::: Information supplied
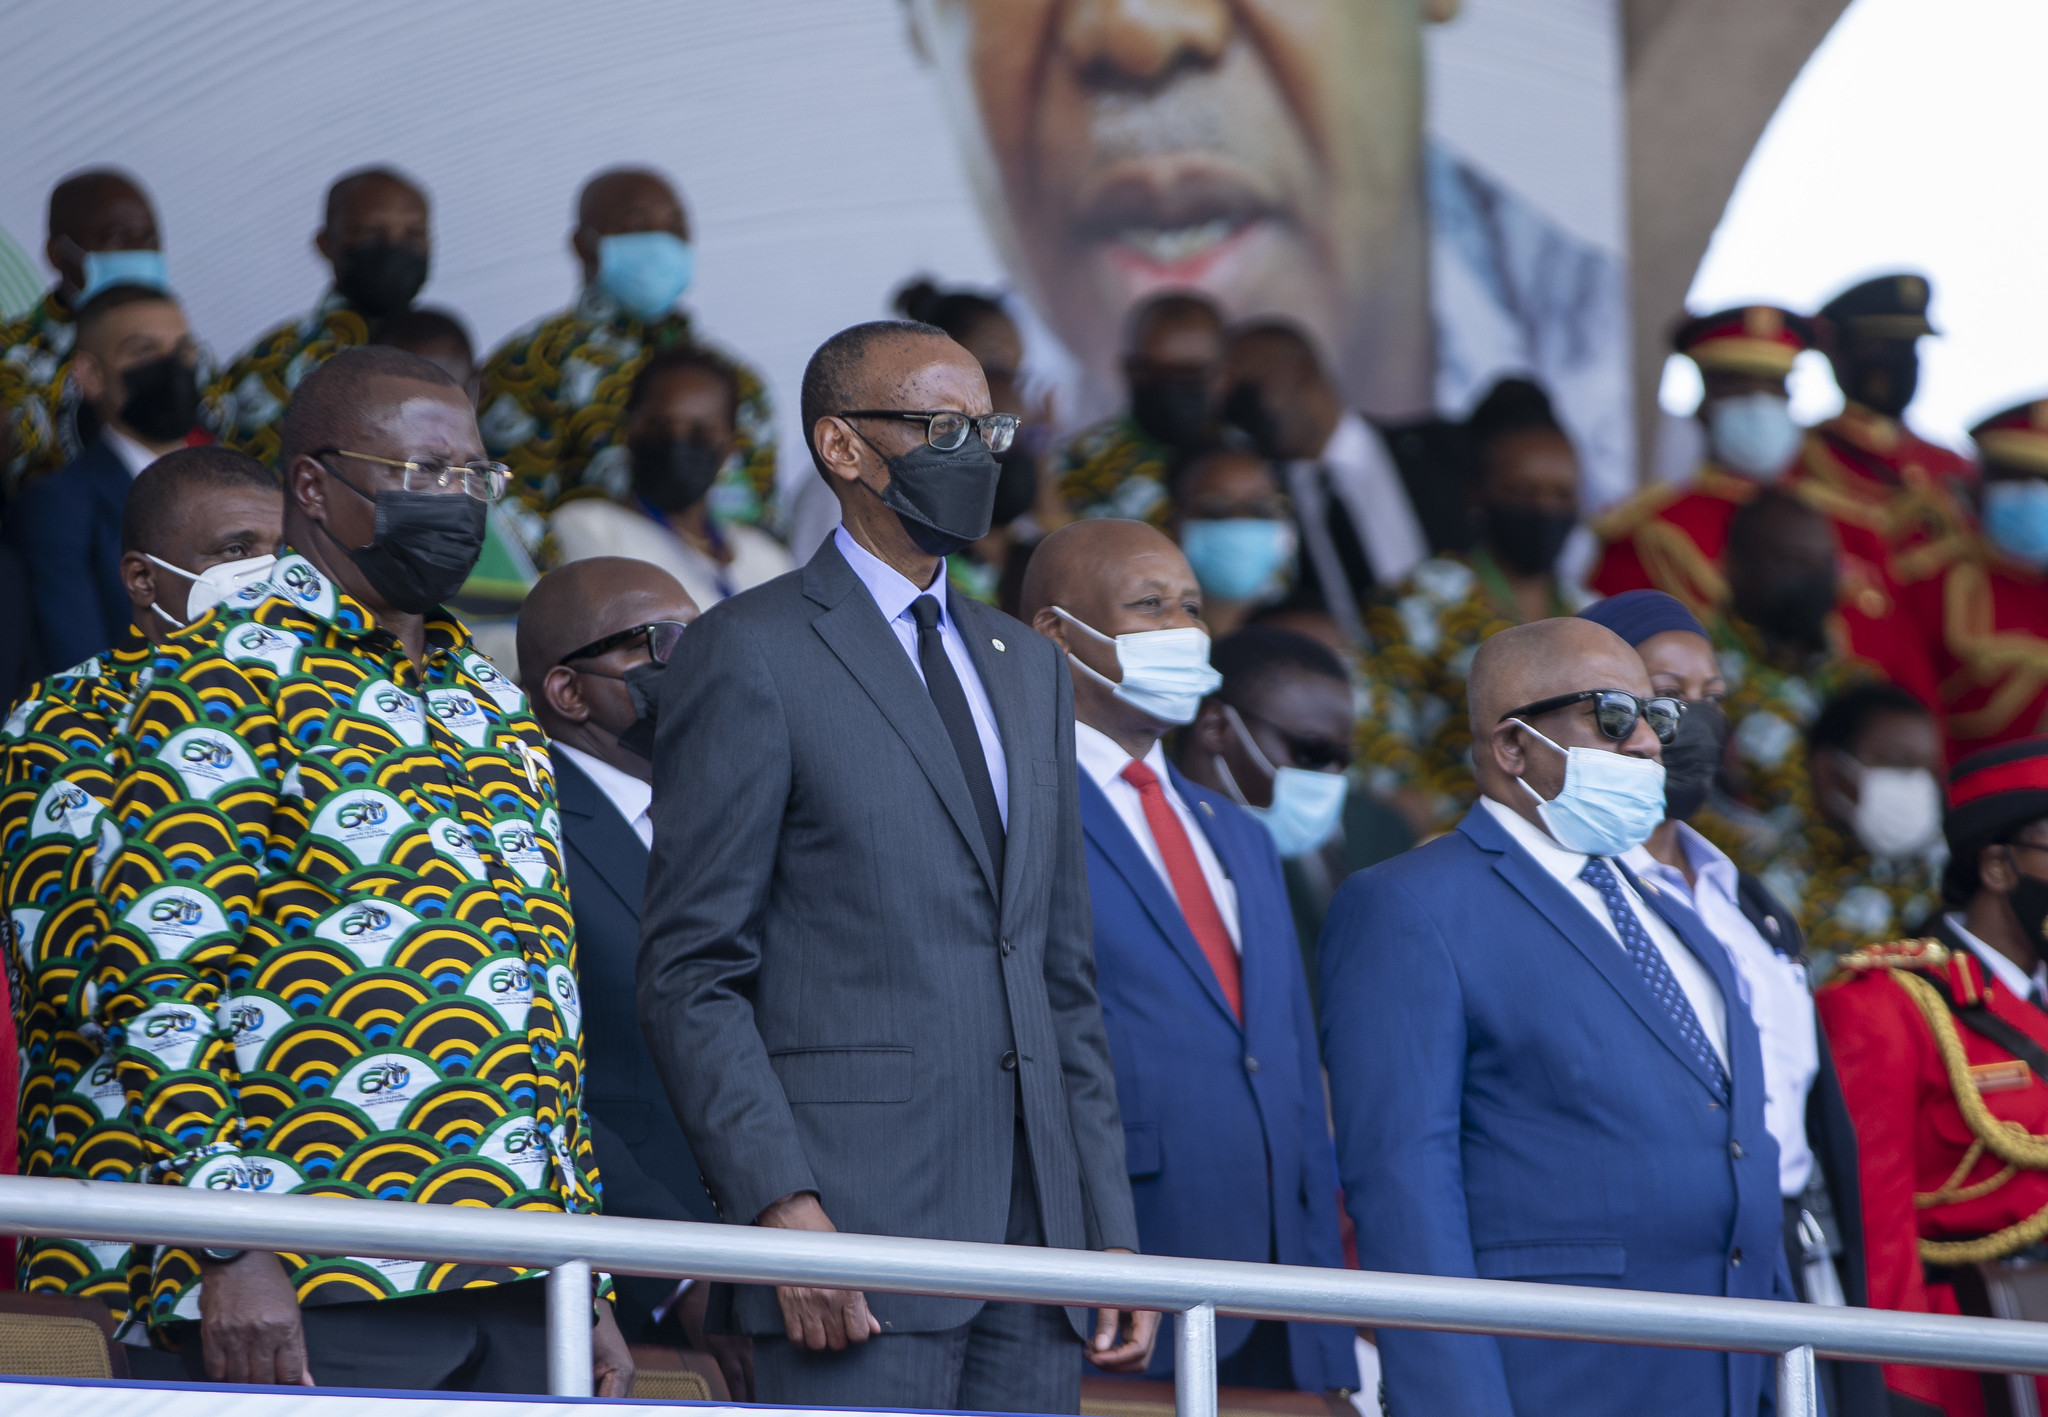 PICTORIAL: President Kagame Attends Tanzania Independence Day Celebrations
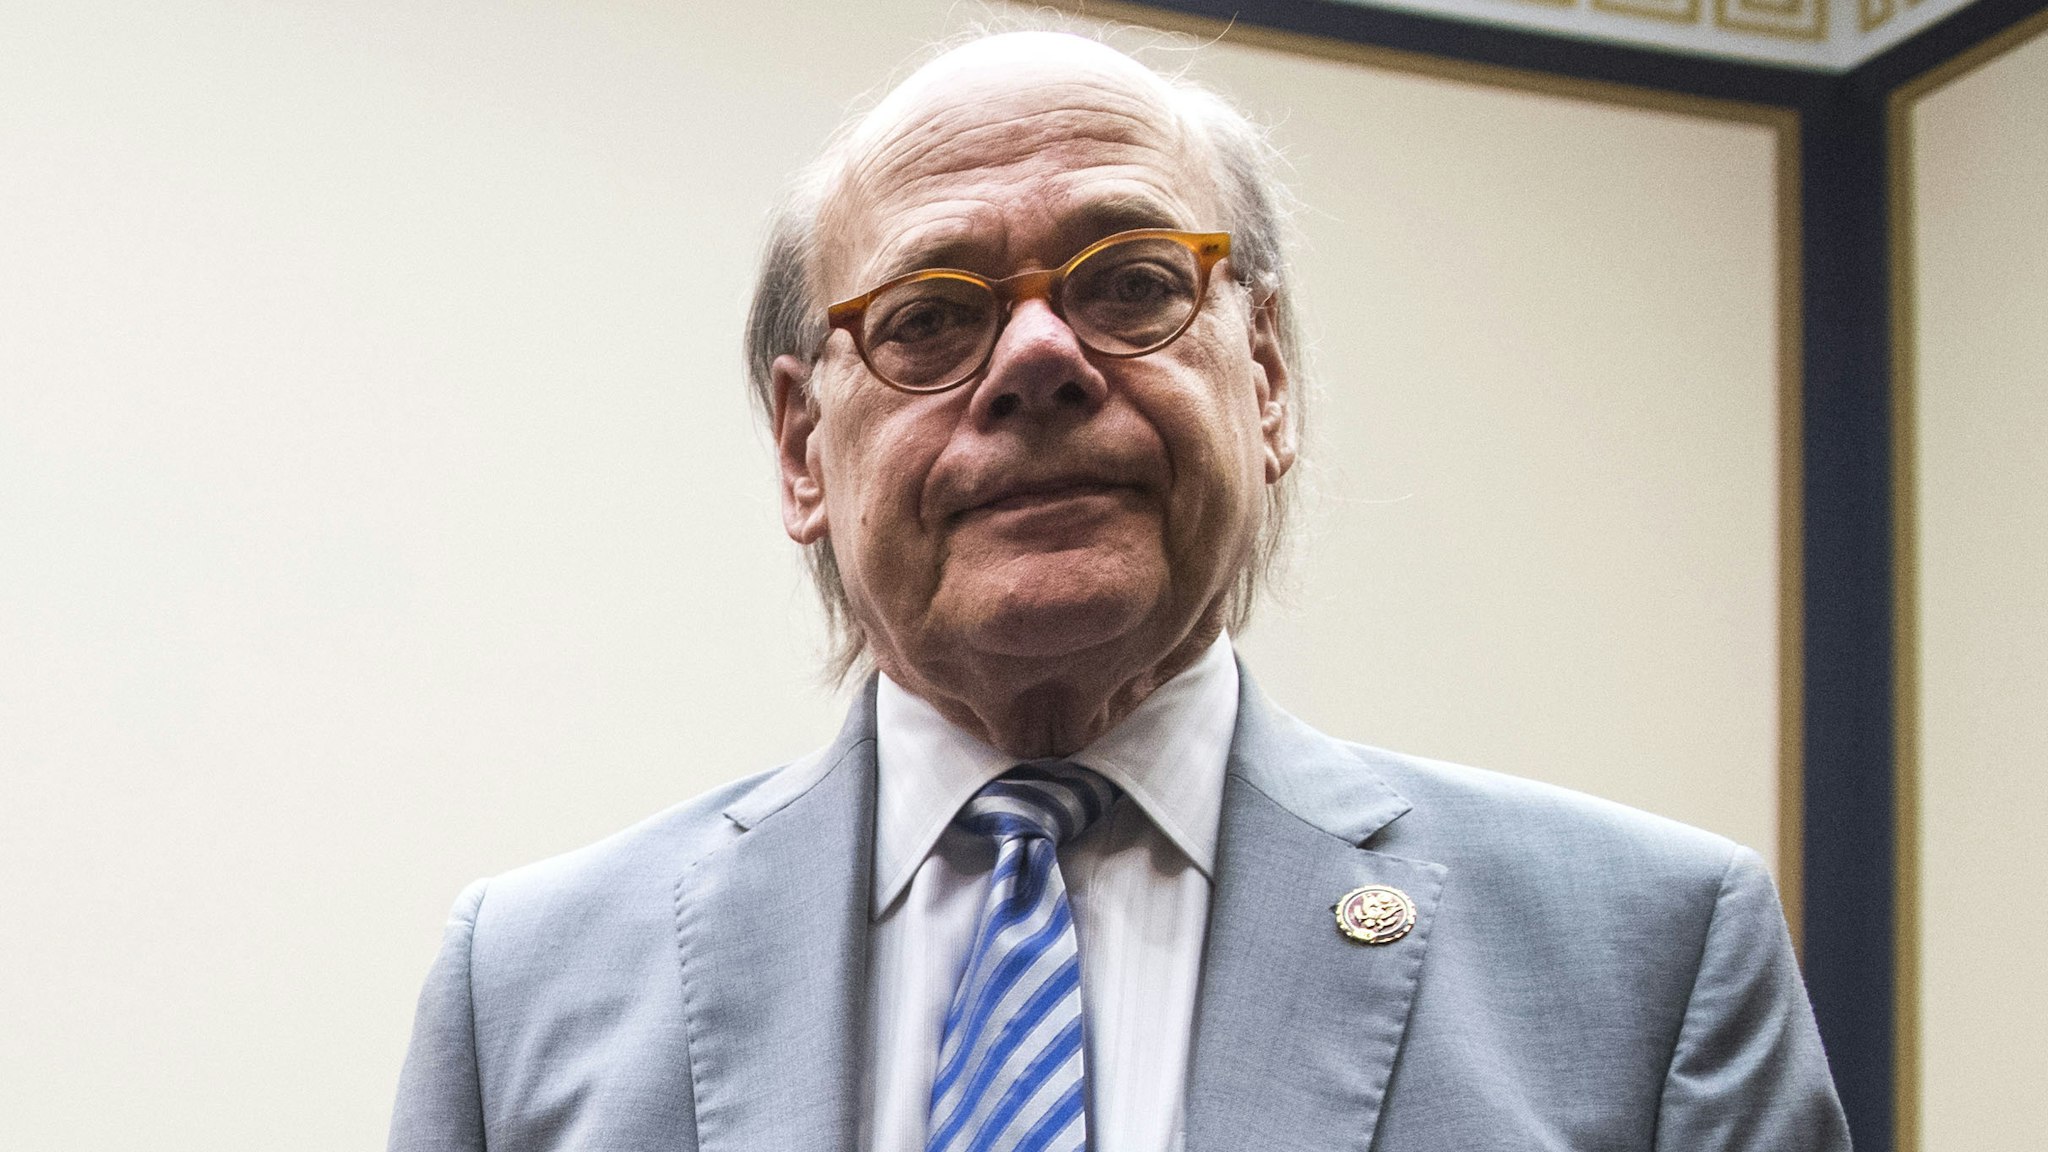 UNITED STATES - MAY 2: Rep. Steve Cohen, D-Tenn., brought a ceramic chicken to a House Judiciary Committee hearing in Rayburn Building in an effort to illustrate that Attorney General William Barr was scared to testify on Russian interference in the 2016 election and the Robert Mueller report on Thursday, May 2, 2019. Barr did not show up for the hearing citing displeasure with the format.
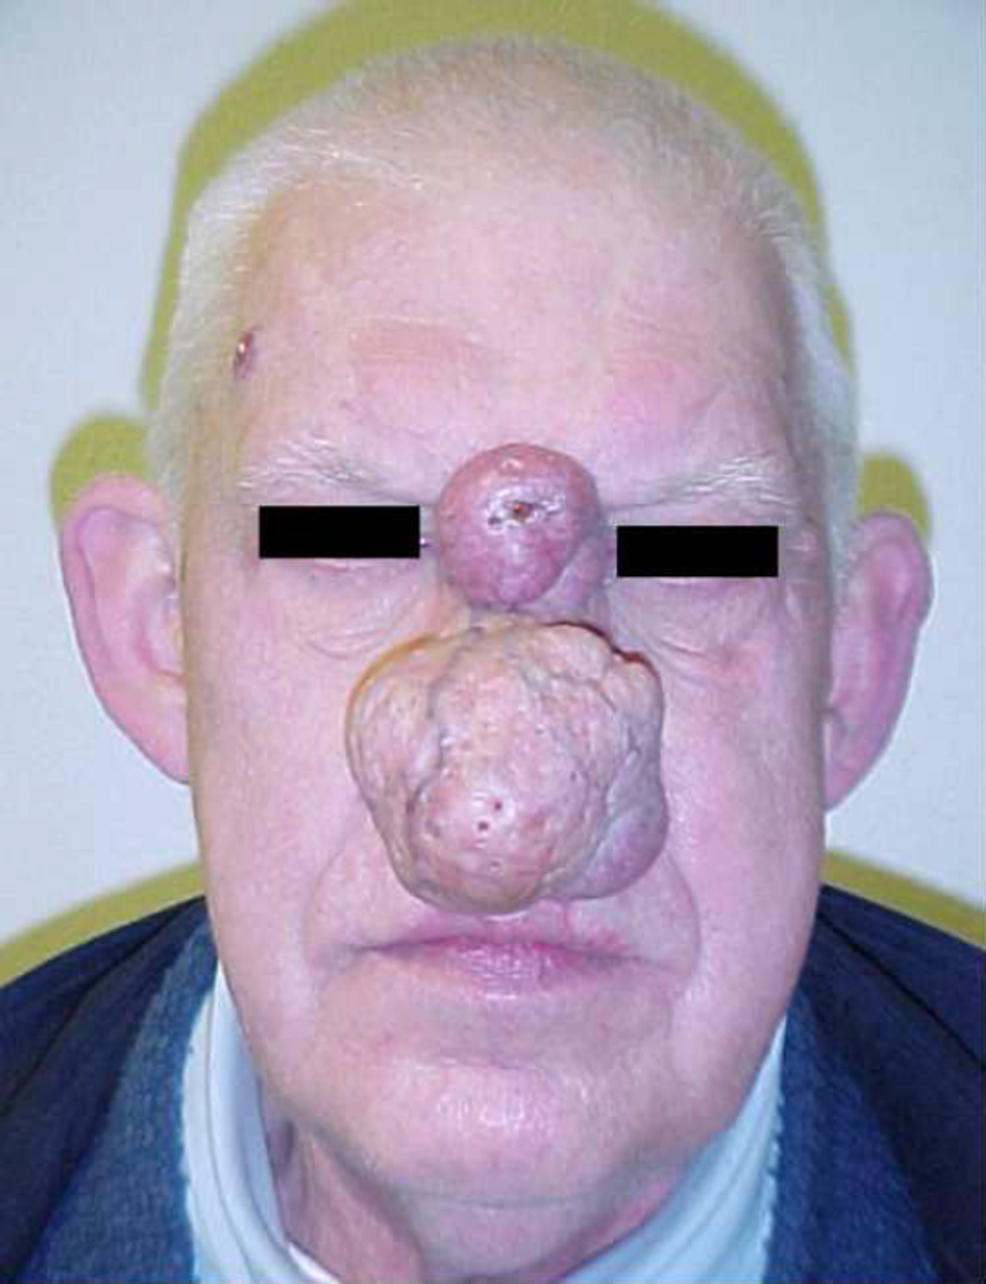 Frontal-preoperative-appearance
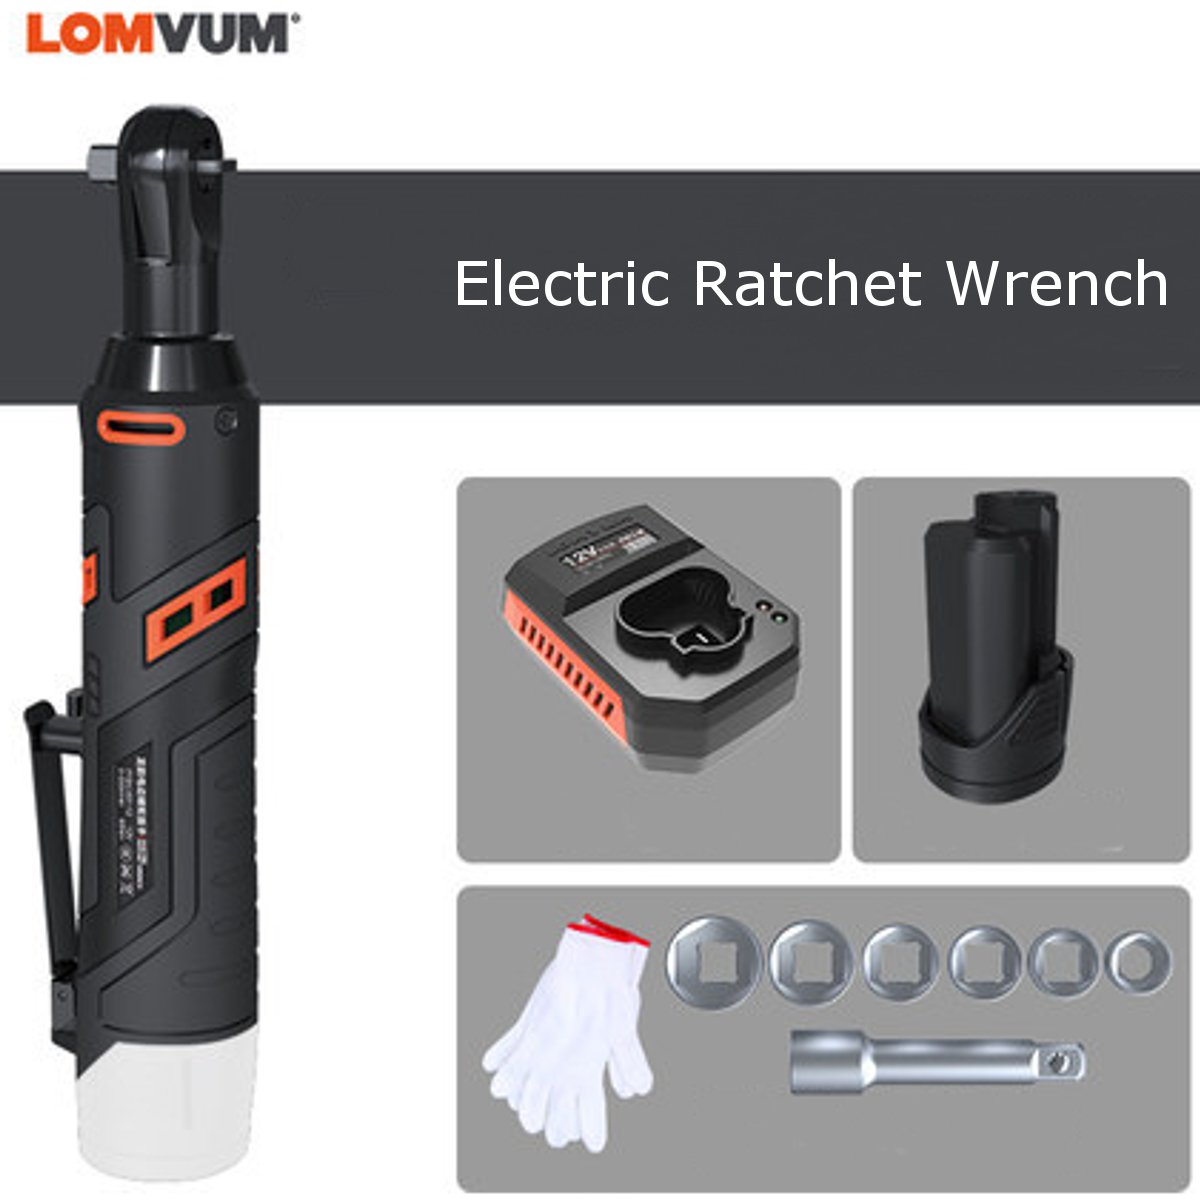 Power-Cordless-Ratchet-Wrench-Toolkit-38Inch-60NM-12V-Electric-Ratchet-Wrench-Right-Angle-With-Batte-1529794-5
::::::
Reprint all the data above verbatim, excluding pictures.

 PICTORIAL: President Kagame Attends Tanzania Independence Day Celebrations
 UNITED STATES - MAY 2: Rep. Steve Cohen, D-Tenn., brought a ceramic chicken to a House Judiciary Committee hearing in Rayburn Building in an effort to illustrate that Attorney General William Barr was scared to testify on Russian interference in the 2016 election and the Robert Mueller report on Thursday, May 2, 2019. Barr did not show up for the hearing citing displeasure with the format.
 Frontal-preoperative-appearance
 Power-Cordless-Ratchet-Wrench-Toolkit-38Inch-60NM-12V-Electric-Ratchet-Wrench-Right-Angle-With-Batte-1529794-5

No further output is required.